Generalizing the Wilcoxon rank-sum test for interval data

Article ID	Journal	Published Year	Pages	File Type
397316	International Journal of Approximate Reasoning	2015	14 Pages	PDF

Abstract

•We propose an adaption of Wilcoxon's two-sample rank-sum test to interval data.•Our method is also applicable to quantized data.•It leads to interval-valued p-values that are computed at a very low computational cost.•Interpretation of this test is straightforward.

Here we propose an adaption of Wilcoxon's two-sample rank-sum test to interval data. This adaption is interval-valued: it computes the minimum and maximum values of the statistic when we rank the set of all feasible samples (all joint samples compatible with the initial set-valued information). We prove that these bounds can be explicitly computed using a very low computational cost algorithm. Interpreting this generalized test is straightforward: if the obtained interval-valued p-value is on one side of the significance level, we will be able to make a decision (reject/no reject). Otherwise, we will conclude that our information is too vague to lead to a clear decision.Our method is also applicable to quantized data: in the presence of quantized information, the joint sample may contain a high proportion of draws, which can prevent the test from drawing a clear conclusion. According to the usual convention, when there are ties, the ranks for the observations in a tie are taken to be the average of the ranks for those observations. This convention can lead to wrong conclusions.
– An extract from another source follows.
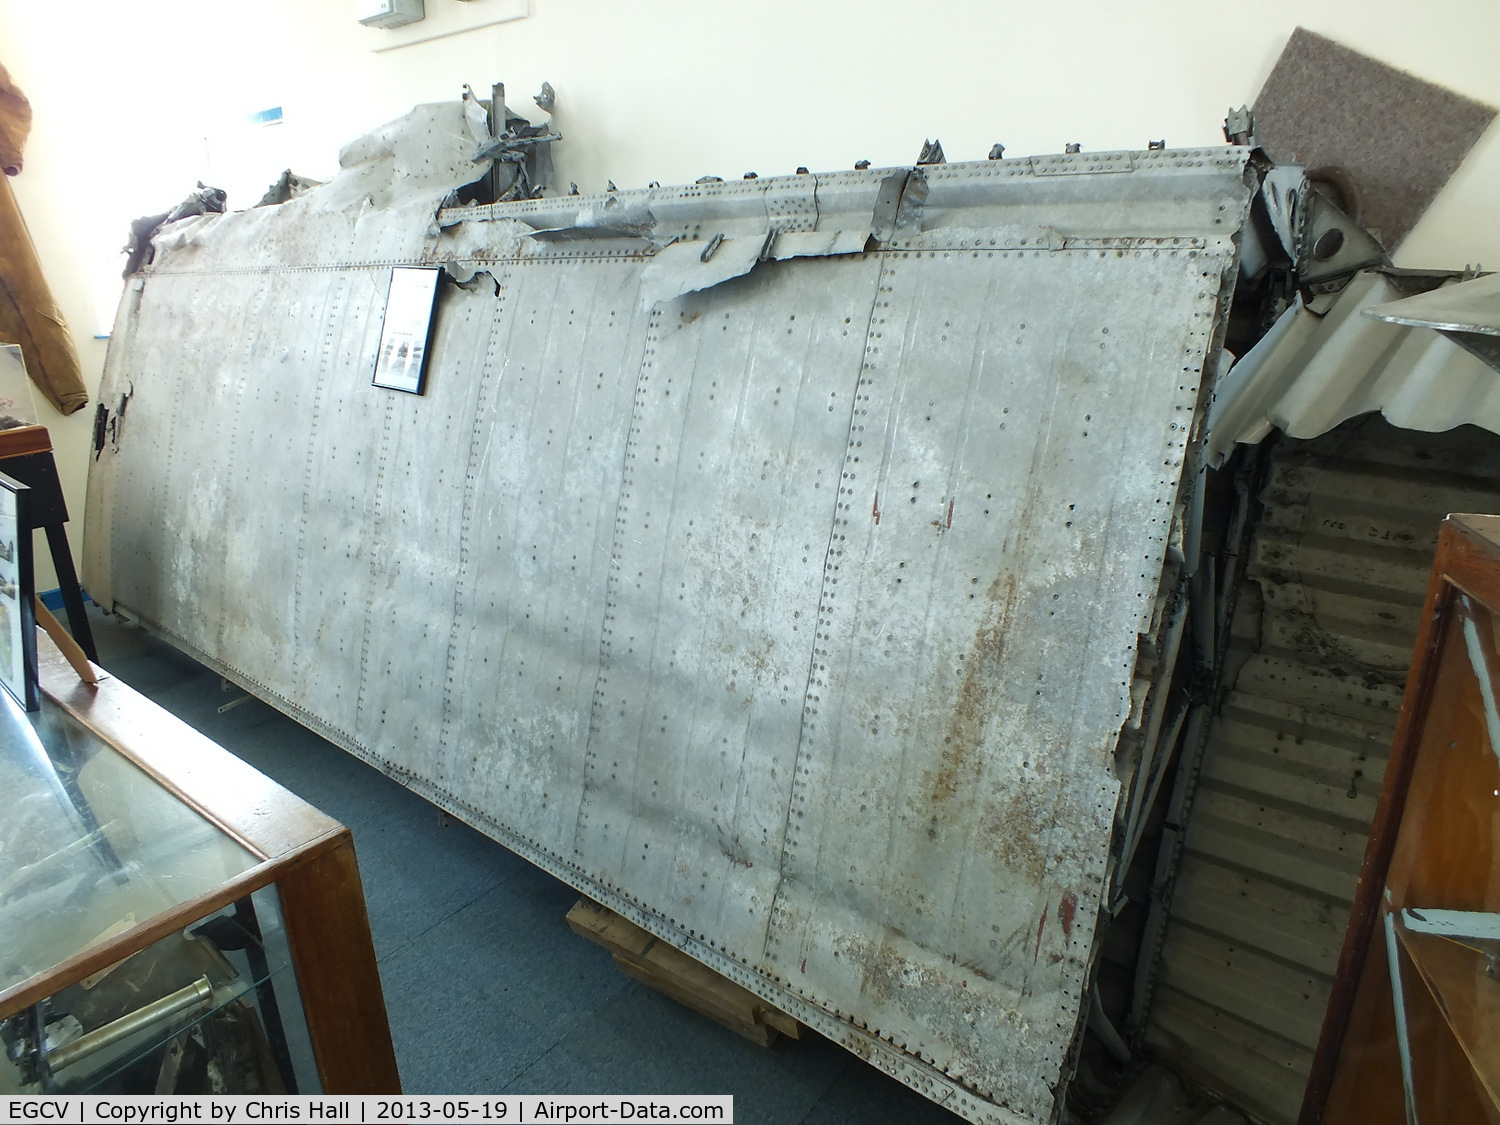 Sleap Airfield Airport, Shrewsbury, England United Kingdom (EGCV) - Outer port wing section from  from Armstrong Whitworth A.W.38 Whitley EB384 which crashed in Scotland with the loss of all six crew members, May 26th 1944

Here, we consider the family of all possible rank permutations, such that a sample containing ties will not just be associated with a single value, but rather with a collection of values for the Wilcoxon's rank-sum statistic, with each one of them being associated with a different p-value. When the impact of quantization is too high to lead to a clear decision, our test provides an interval-valued p-value that includes the chosen significance level. It indicates that there is no clear conclusion according to this test.Two different experiments exemplify the properties of the generalized test: the first one illustrates its ability to avoid wrong decisions in the presence of quantized data. The second one shows the performance of the generalized test when used with interval data.